AVAILABLE DATA:
__________________________________________________

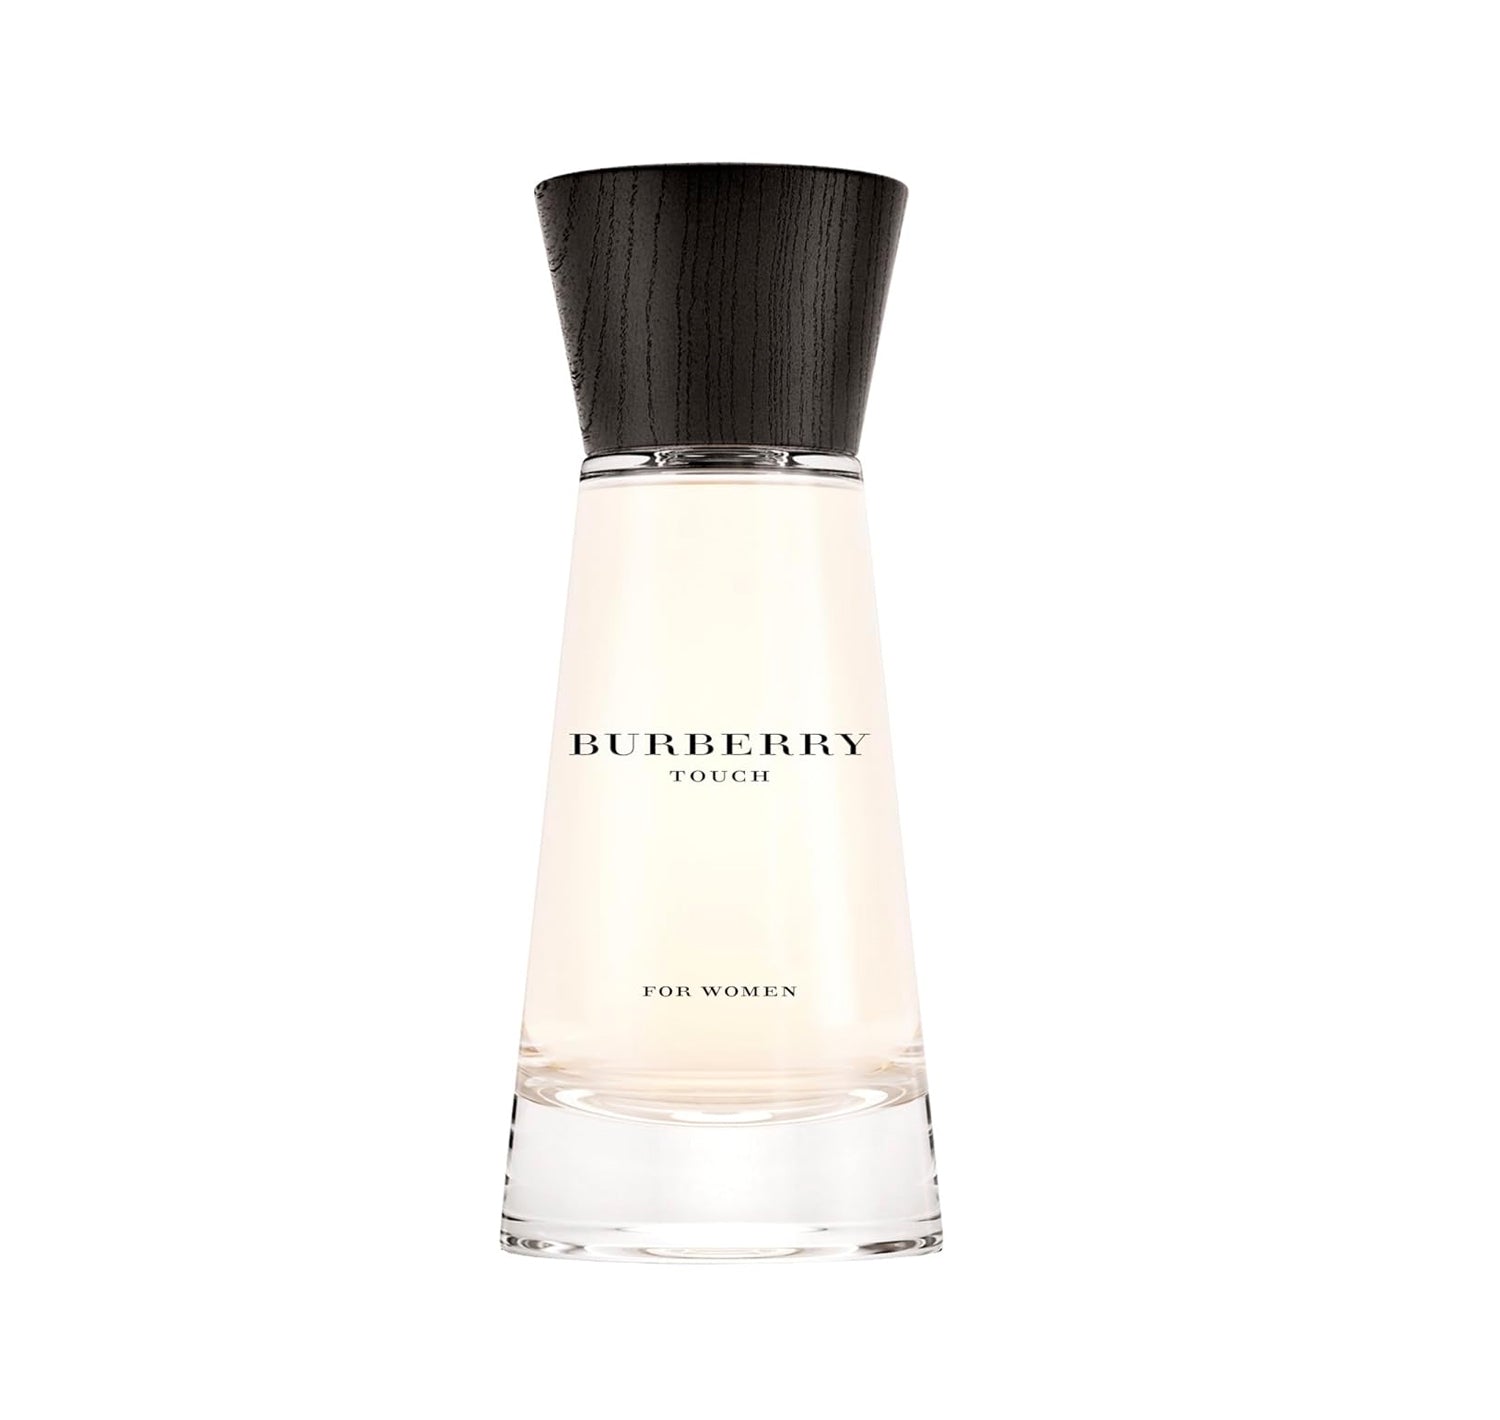 Burberry Touch Eau De Parfum Spray for Women
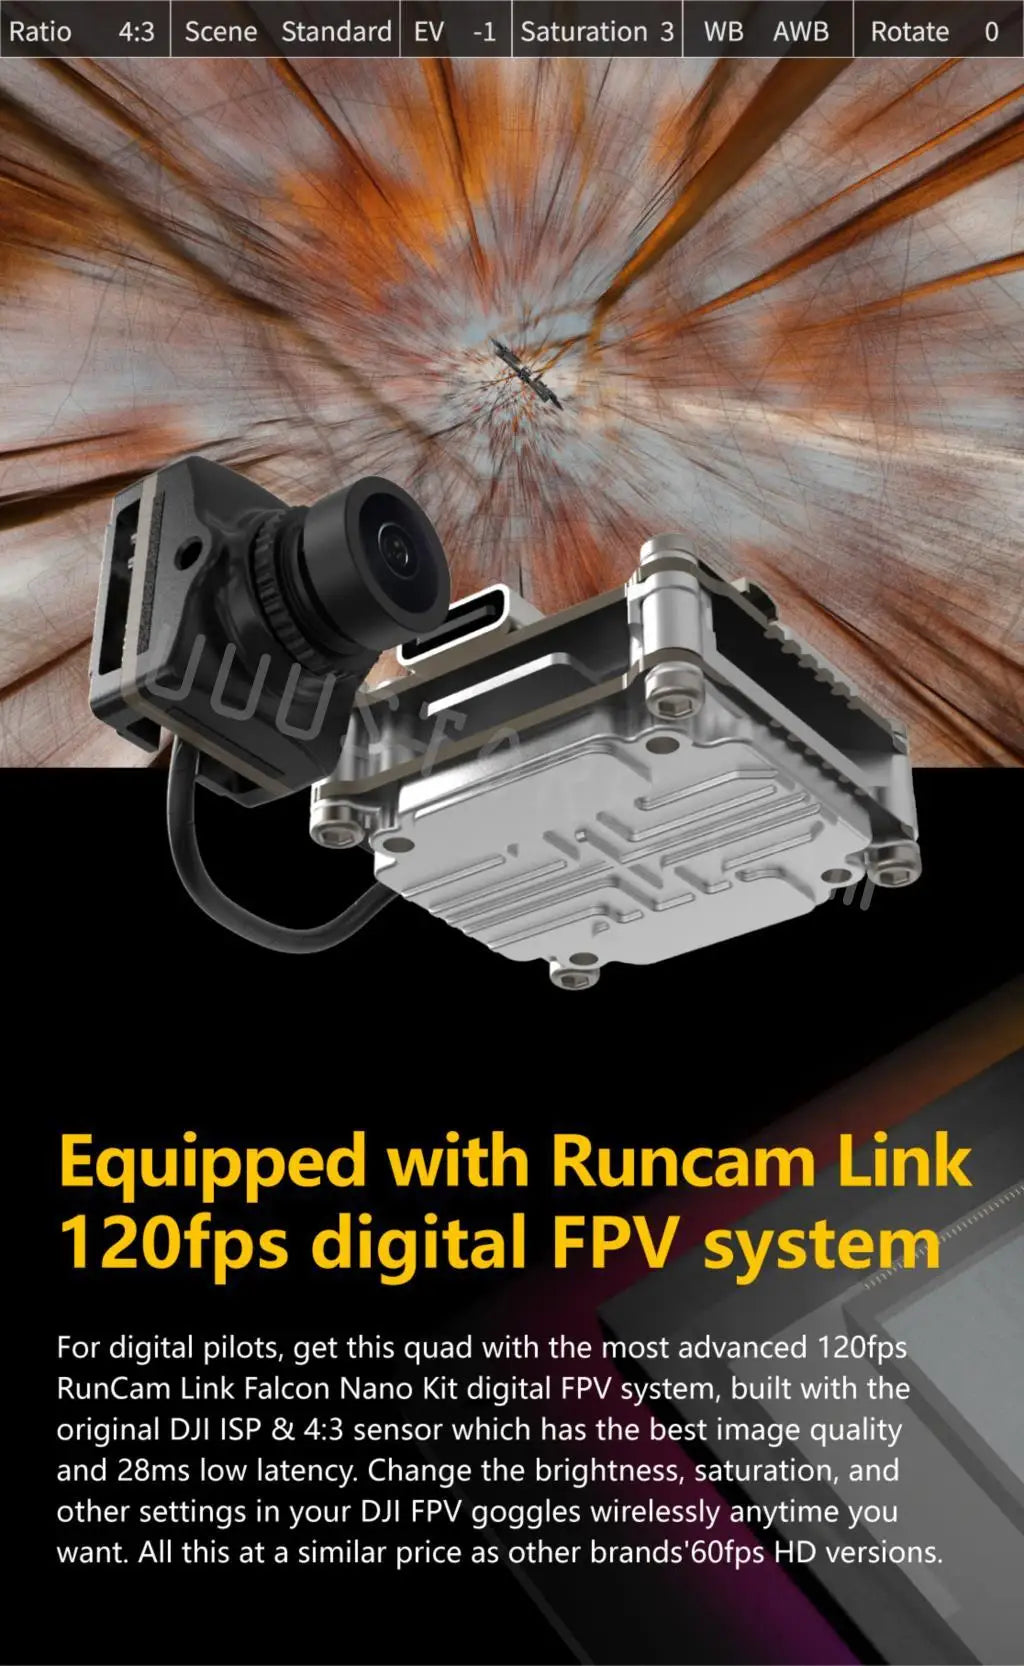 SpeedyBee Flex25, get this quad with the most advanced RunCam Link Falcon Nano kit digital FPV system
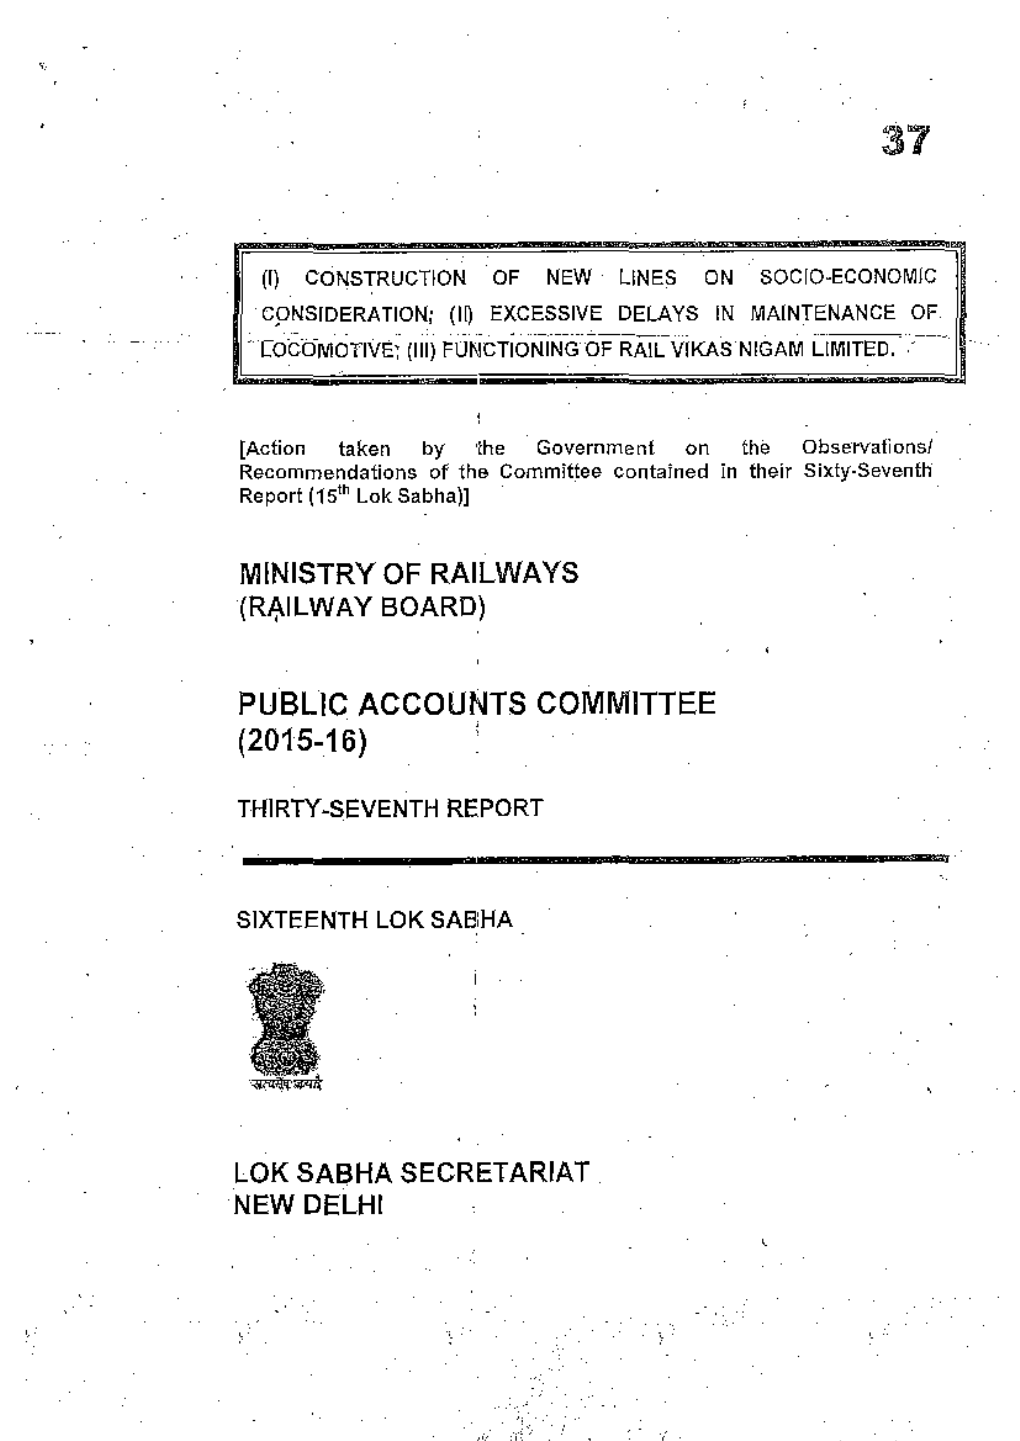 MINISTRY of RAILWAYS (Rl)ILWAY BOARD) PUBLIC ACCOUNTS COMMITTEE LOK SABHA SECRETARIAT NEW DELHI

__________________________________________________

PROBLEM TO WORK ON:
Return all the material exactly, skipping pictures.

SOLUTION BELOW:
 Burberry Touch Eau De Parfum Spray for Women
 SpeedyBee Flex25, get this quad with the most advanced RunCam Link Falcon Nano kit digital FPV system
 MINISTRY of RAILWAYS (Rl)ILWAY BOARD) PUBLIC ACCOUNTS COMMITTEE LOK SABHA SECRETARIAT NEW DELHI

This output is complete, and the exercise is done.